(Data section begins)

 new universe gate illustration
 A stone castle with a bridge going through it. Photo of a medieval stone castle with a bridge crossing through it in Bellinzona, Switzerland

(Data section ends)
(Data section begins)

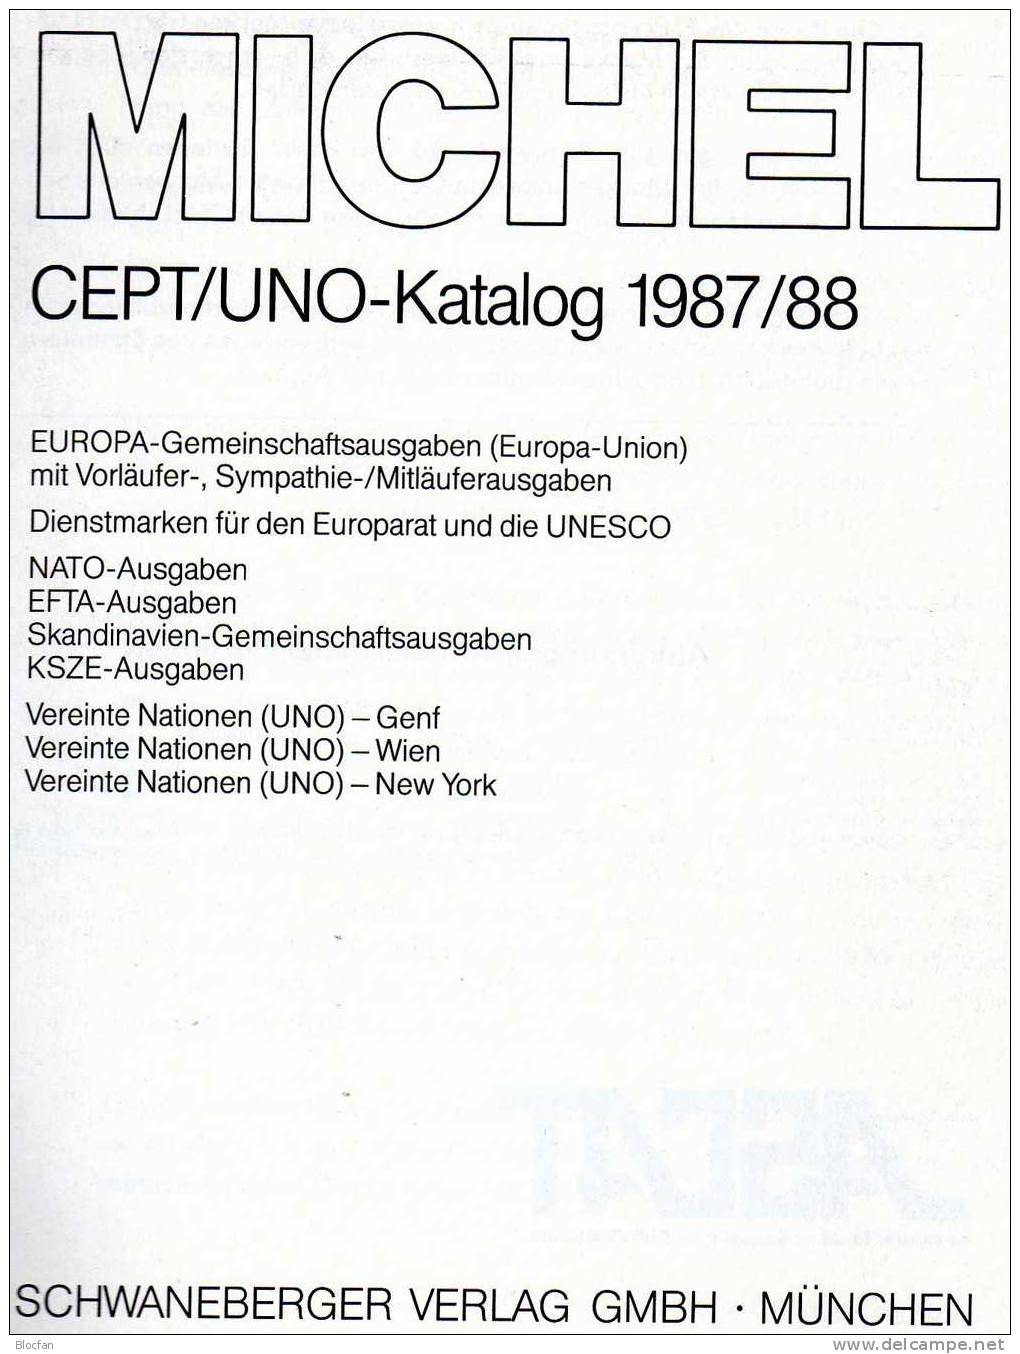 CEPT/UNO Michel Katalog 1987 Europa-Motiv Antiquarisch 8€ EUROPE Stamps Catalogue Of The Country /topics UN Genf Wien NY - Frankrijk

(Data section ends)
(Data section begins)

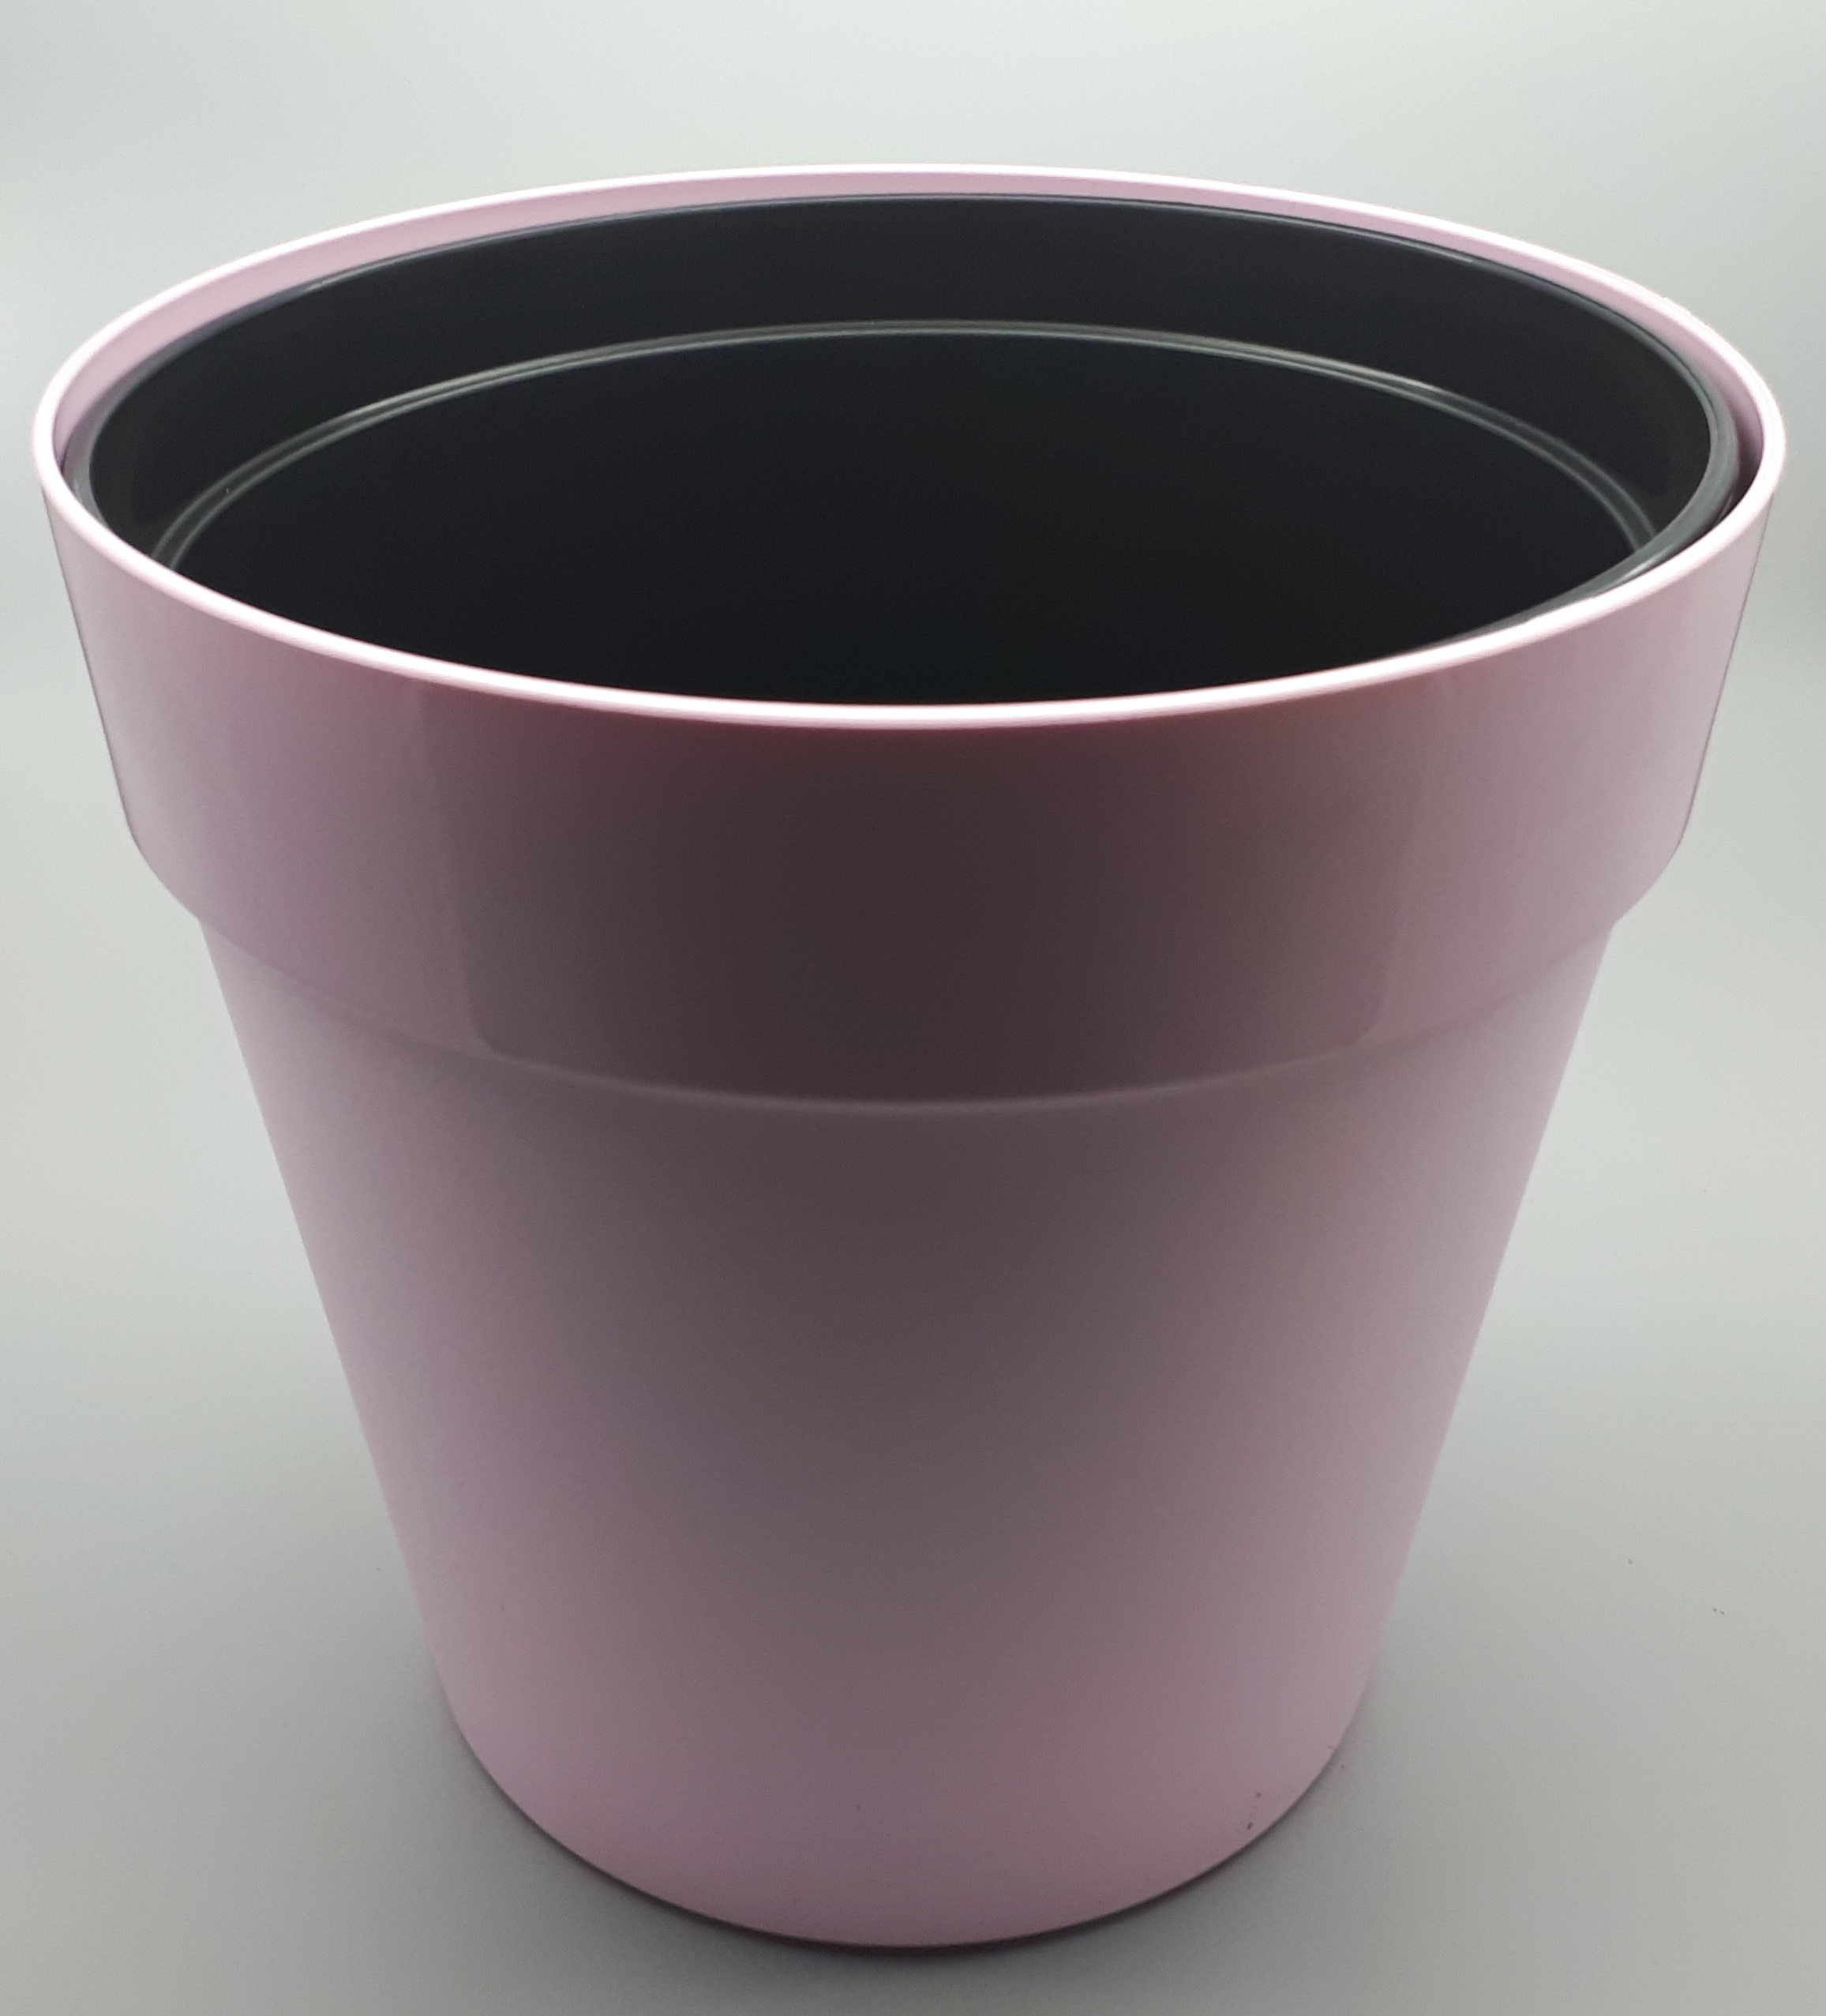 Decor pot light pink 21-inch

(Data section ends)

What is required: Quote the data above from the line containing "new universe gate illustration" to the line containing "A stone castle", inclusive, and stop.

Response to this task:
 new universe gate illustration
 A stone castle with a bridge going through it. Photo of a medieval stone castle with a bridge crossing through it in Bellinzona, Switzerland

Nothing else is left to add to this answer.